*** DATASET EXTRACT Section Begins ***

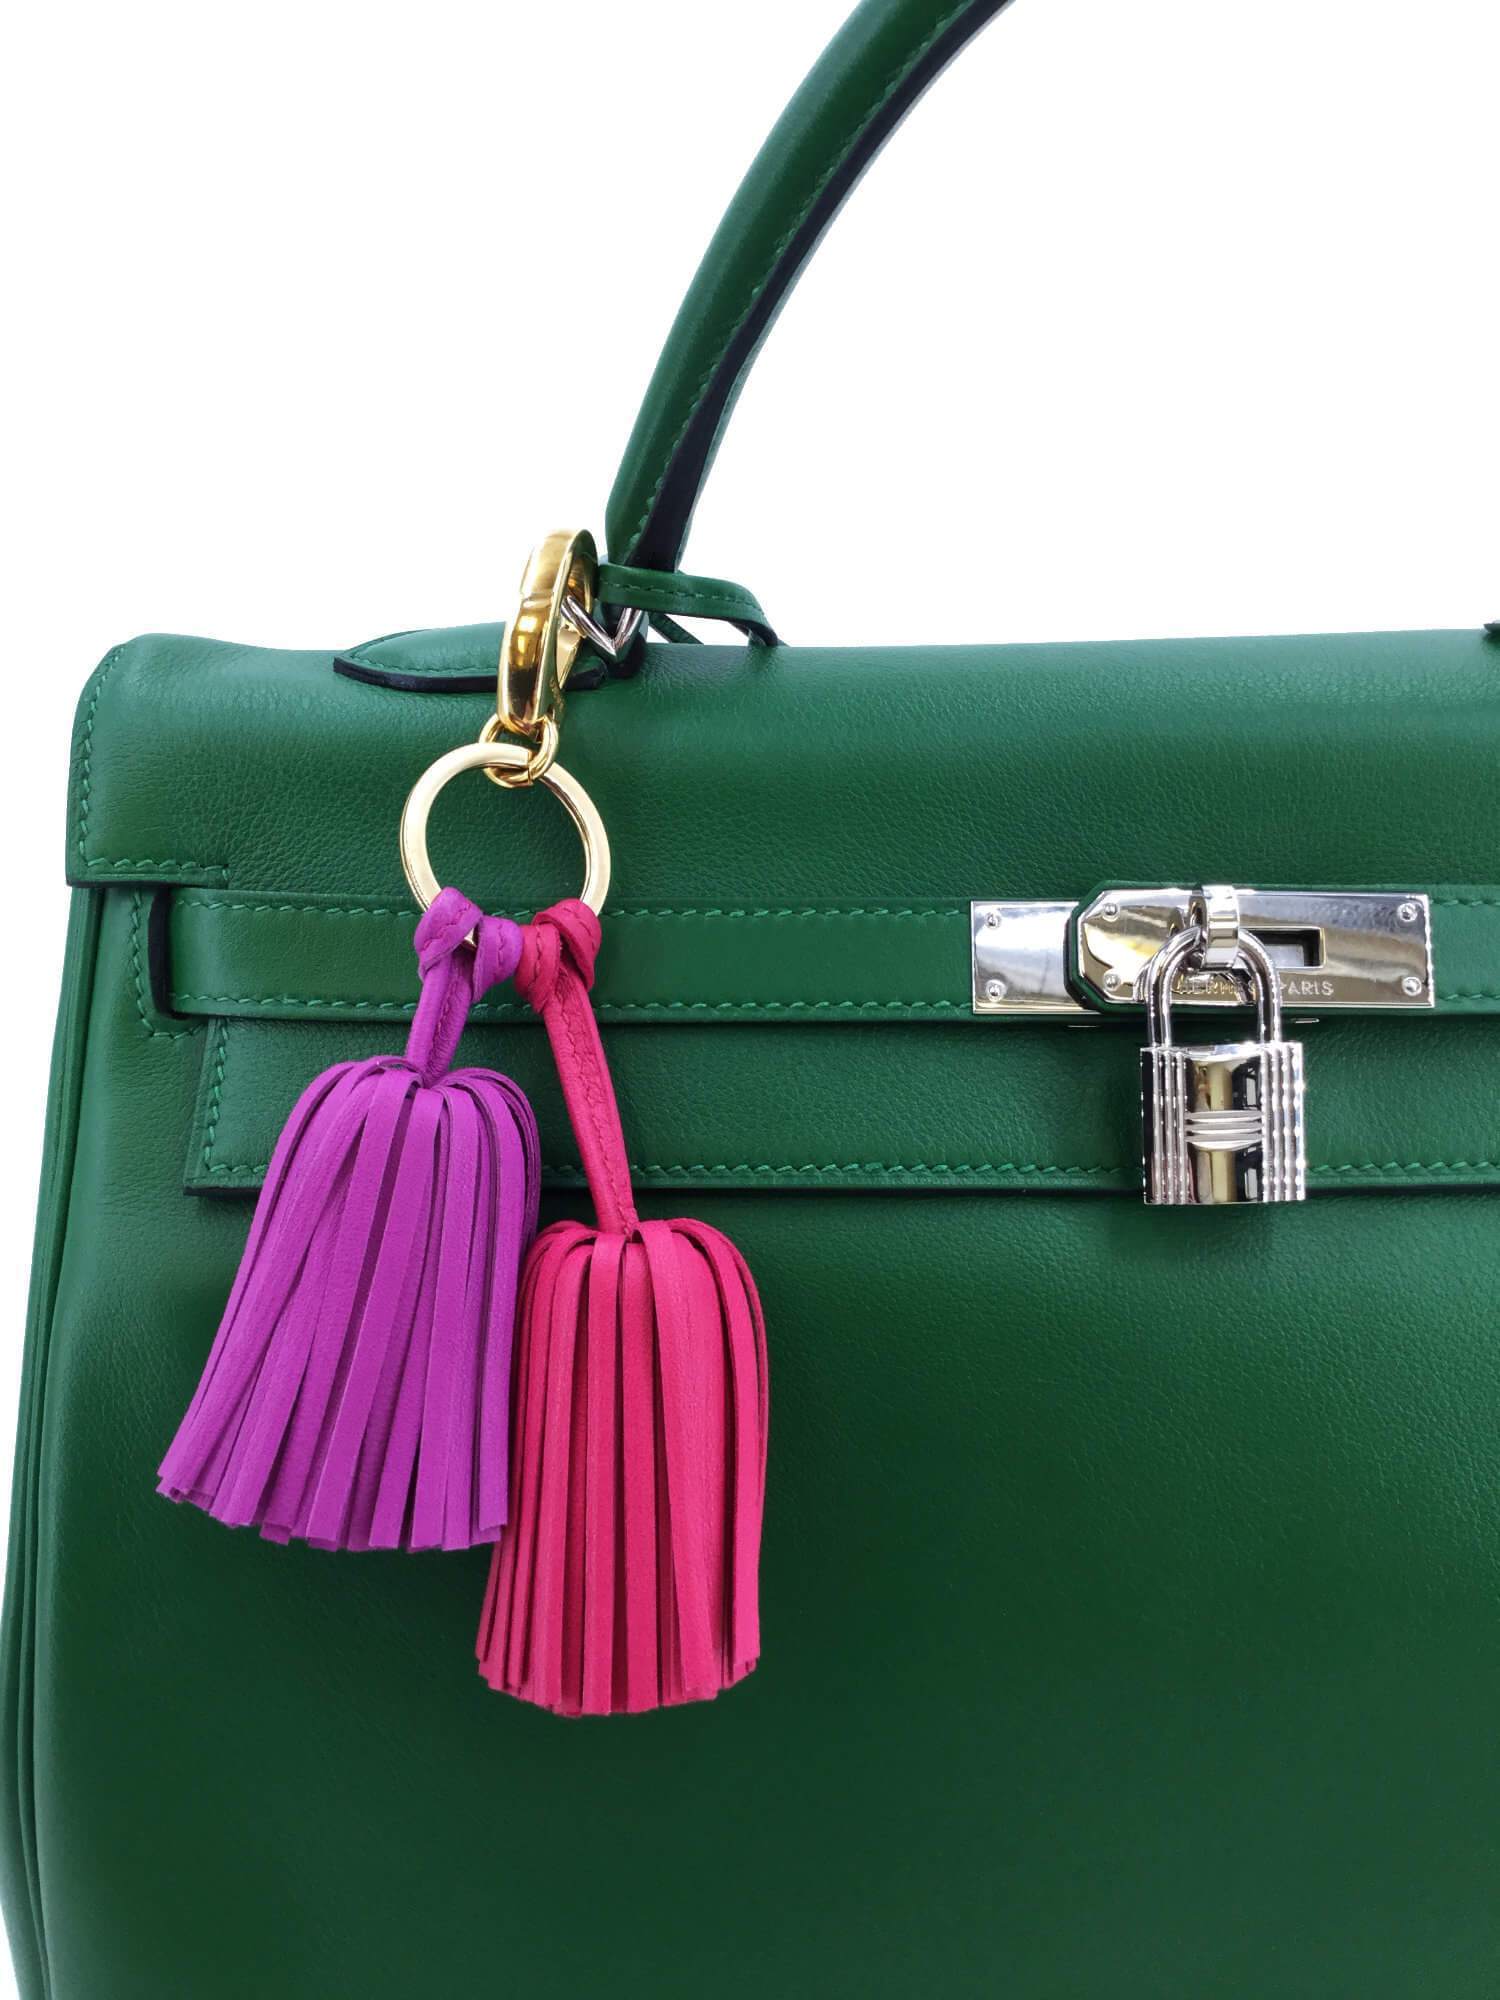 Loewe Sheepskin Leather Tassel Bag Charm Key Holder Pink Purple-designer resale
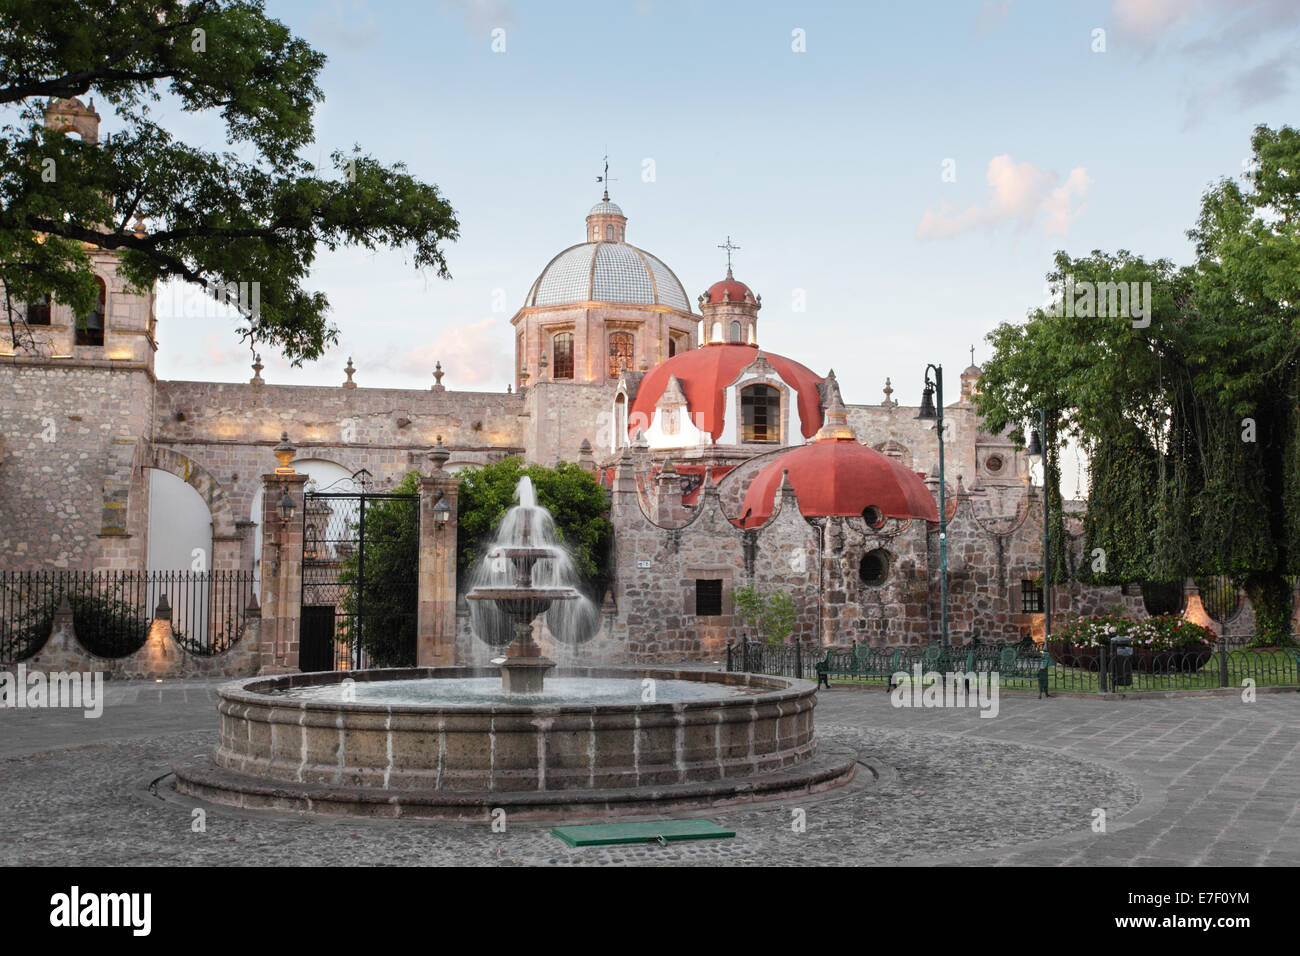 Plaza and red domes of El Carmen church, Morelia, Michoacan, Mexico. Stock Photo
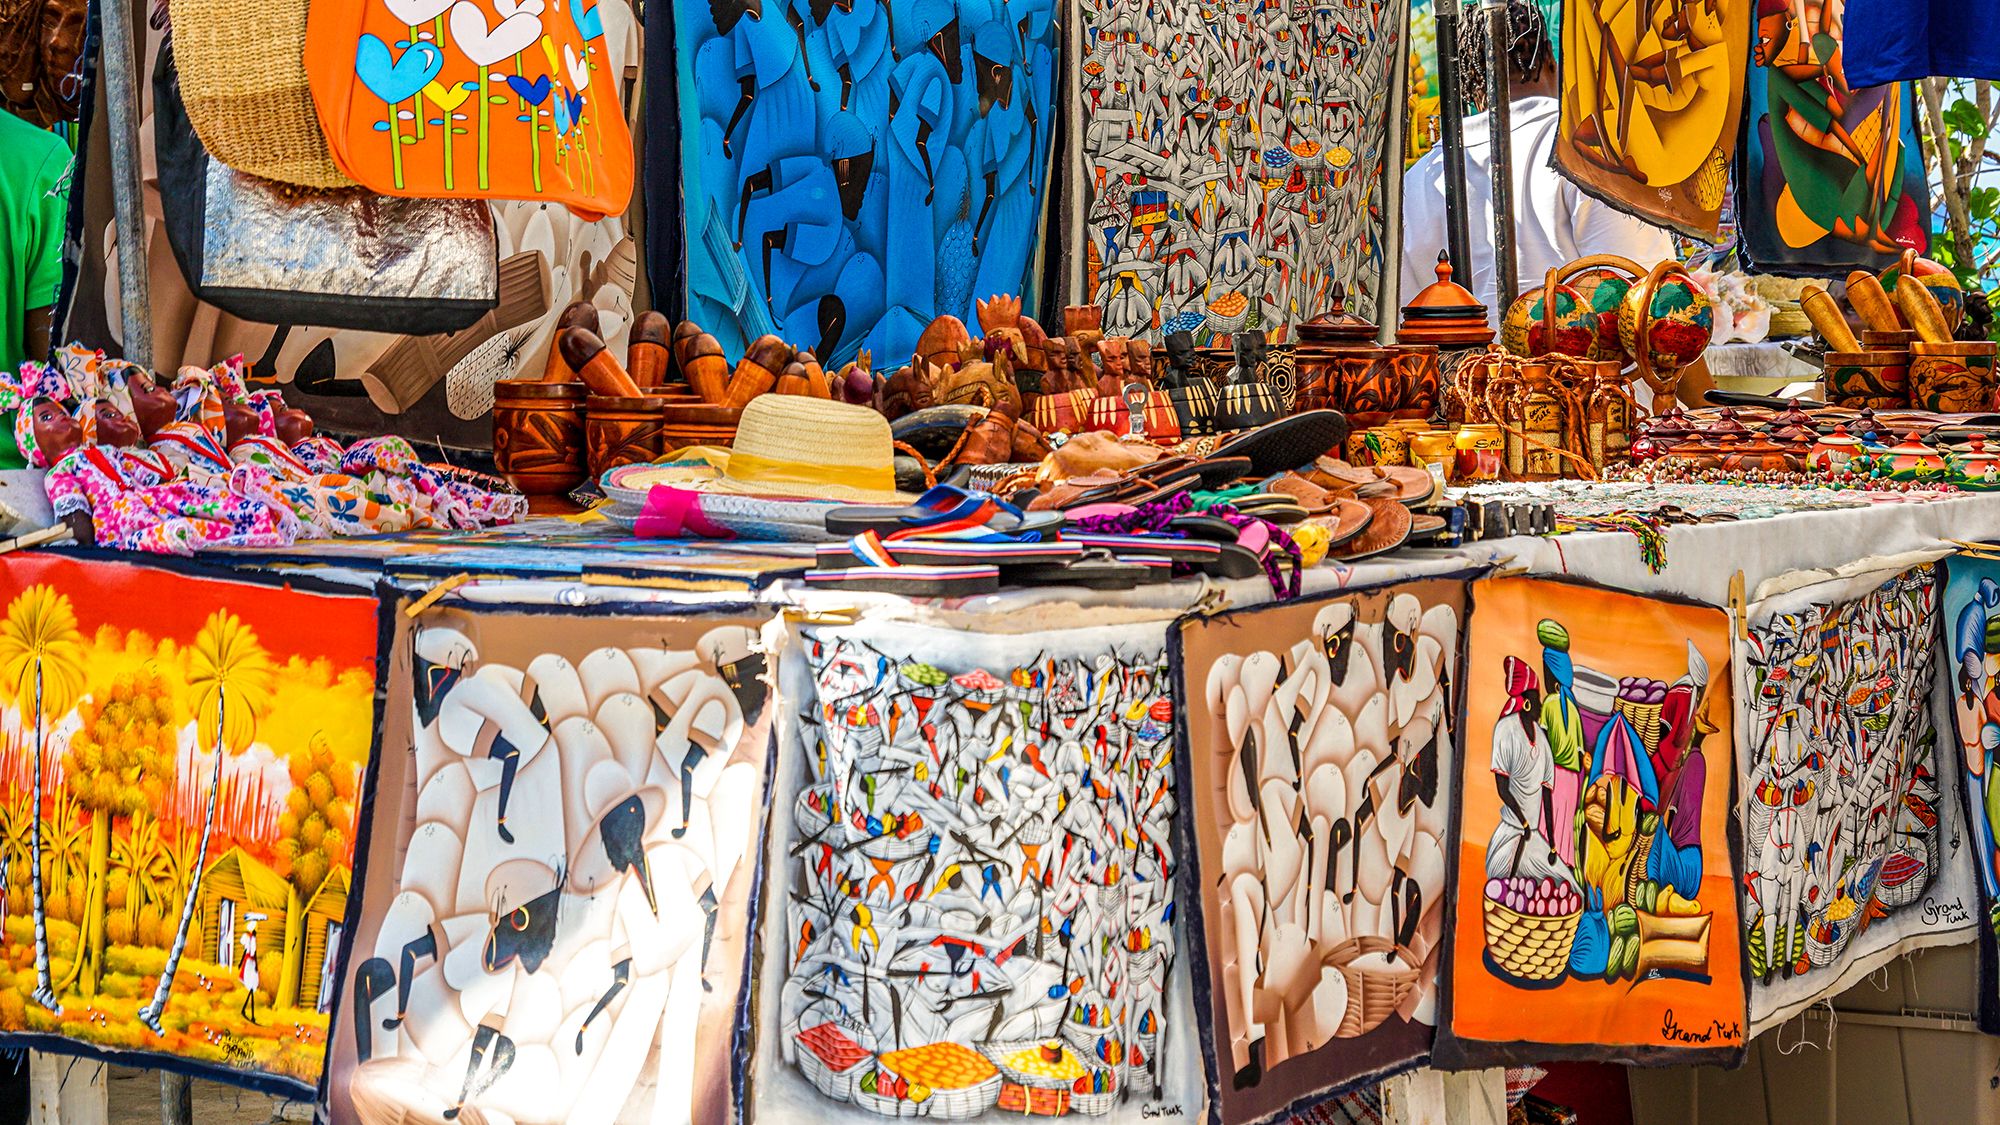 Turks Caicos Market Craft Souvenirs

*** DATASET EXTRACT Section Ends ***

» EXERCISE DETAILS
Output the data above verbatim, pictures excluded.

» EXERCISE ANSWER
 Loewe Sheepskin Leather Tassel Bag Charm Key Holder Pink Purple-designer resale
 Plaza and red domes of El Carmen church, Morelia, Michoacan, Mexico. Stock Photo
 Turks Caicos Market Craft Souvenirs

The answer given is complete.